What is worrisome about these events is not that they happened, but the inevitability of them playing out exactly as they have due to China's vested financial interests in all of these companies. Various Chinese companies own stock in Activision-Blizzard, Apple, and the NBA. As such, they have leveraged their financial ownership almost as blackmail: follow the party line or lose access to the Chinese market. Unfortunately, companies have been bowing to that pressure. Blizzard suspended a player, revoked his winnings, and terminated broadcast contracts due to that player's vocal support of the Hong Kong protests in a live video after his tournament victory. Apple removed an app from its store that allowed people in Hong Kong to track police movements because the Chinese government insisted it was being used by protesters to ambush police. And the NBA briefly distanced itself from a GM who put out a tweet in support of the Hong Kong protesters, forcing him to apologize and delete it. They have since walked that back, carefully speaking out in support of his right to free speech without weighing in on the content of it.

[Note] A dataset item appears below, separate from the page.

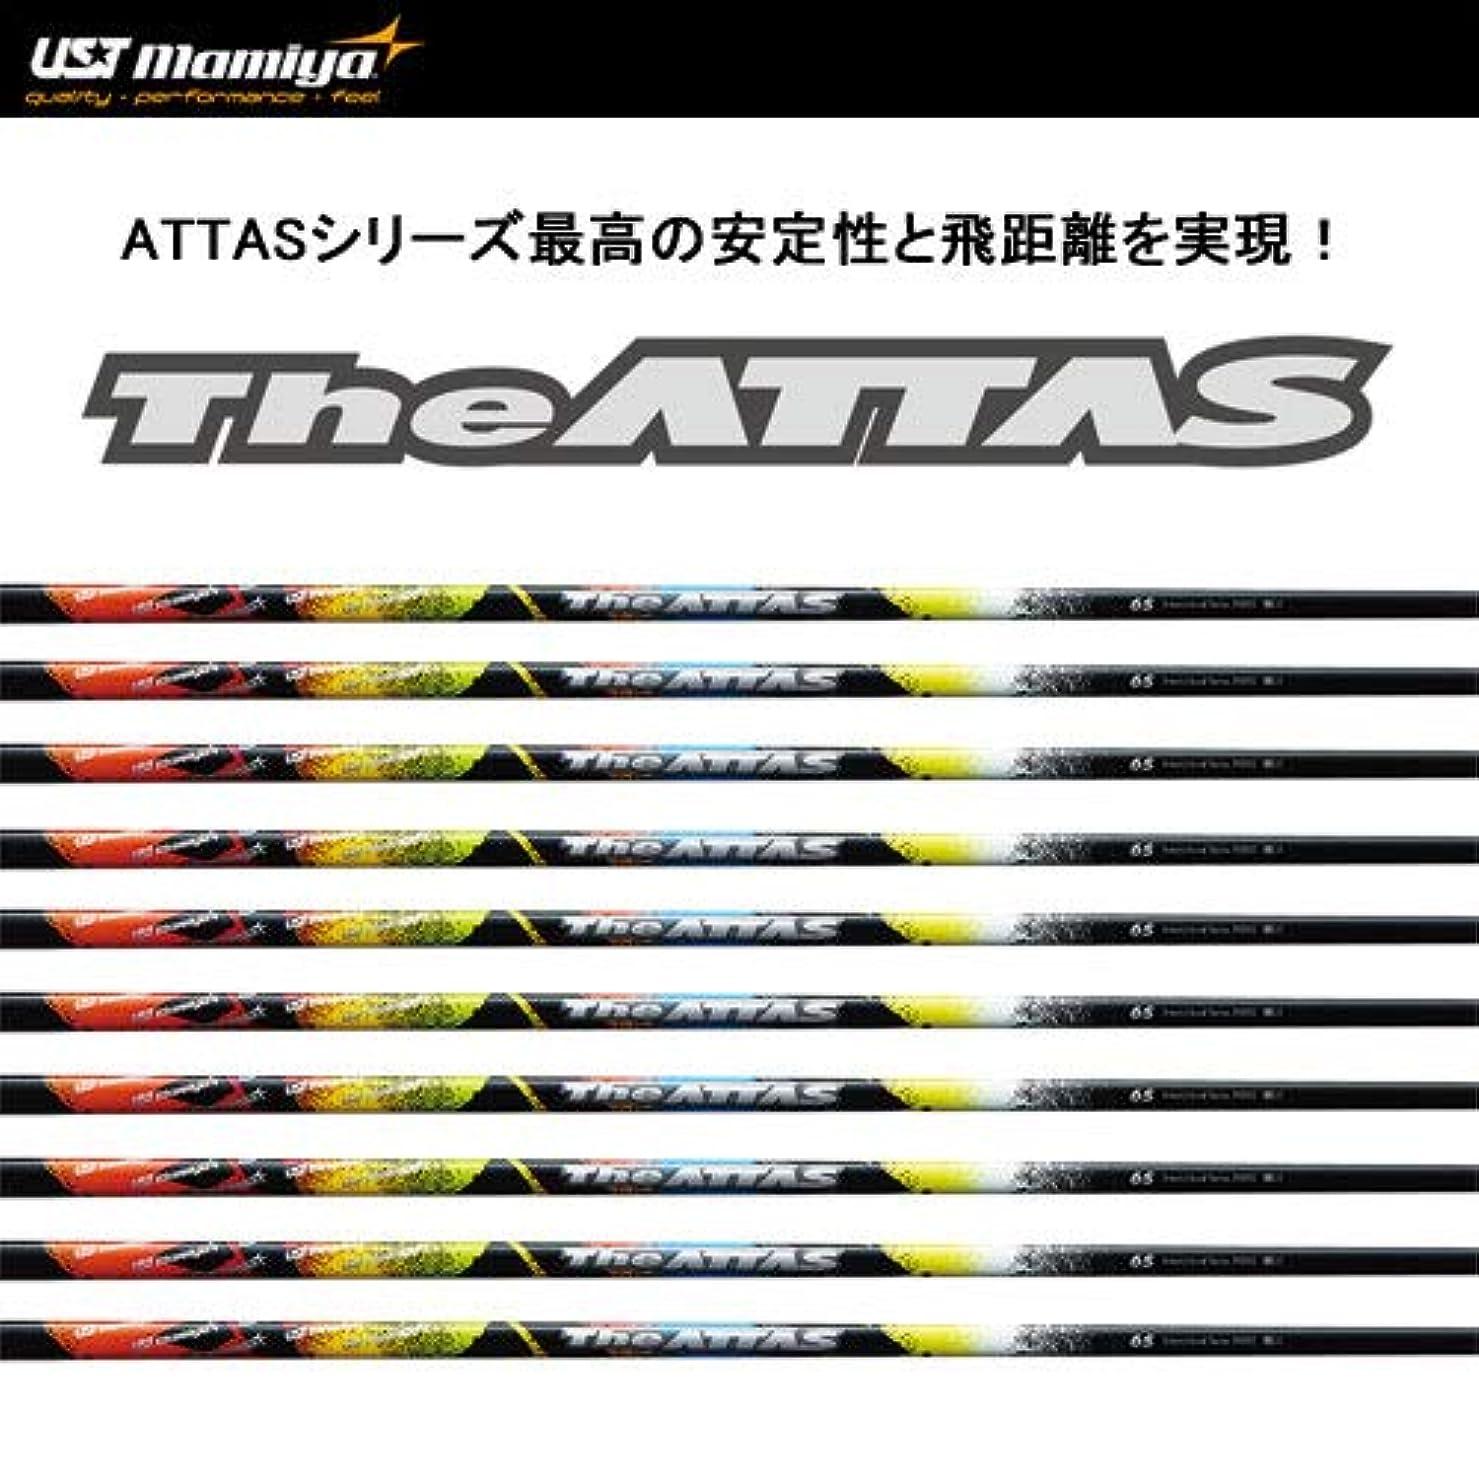 オッズガイダンス確認するキャロウェイ スリーブ付き THE ATTAS シャフト長:44.125インチ仕上げ

All of this behavior sets a worrying and uncomfortable precedent. If companies are so invested in increasing profits by catering to a Chinese audience, they are leaving themselves open to direct control by the Chinese government. Let us be perfectly clear, here: China is not a free democracy, nor is it a free market. American companies have no right to assume it is simply because China claims it to be so. Nor do they have any right to assume the burden of control over what is and is not said by those who partake of their services.


It is not, nor has it ever been, the role of a company to censor its customers. Yet in surrendering to pressure from China to amend or remove anything it considers potentially offensive they are, in essence, censoring us. Are we not allowed to talk about Hong Kong in America unless China approves it? If we allow this to happen, it becomes inevitable that it will happen again. China has long reacted badly to any implication that Tibet is a sovereign nation. Now Hong Kong is being treated the same way. How long until Macao gets the same treatment? Myanmar? Mongolia? Nepal? Taiwan? Where does it stop? Those in power within corporations must tread a careful line right now. They must decide what is more important to them: Chinese money or American rights. Chinese money will help them in the short run, but the cost of that is the support of the consumers that helped them become the companies they are, the people who work for them, and the very essence of what makes America's free market free.


In the battle of free speech versus free enterprise, money is winning at the cost of civil liberties.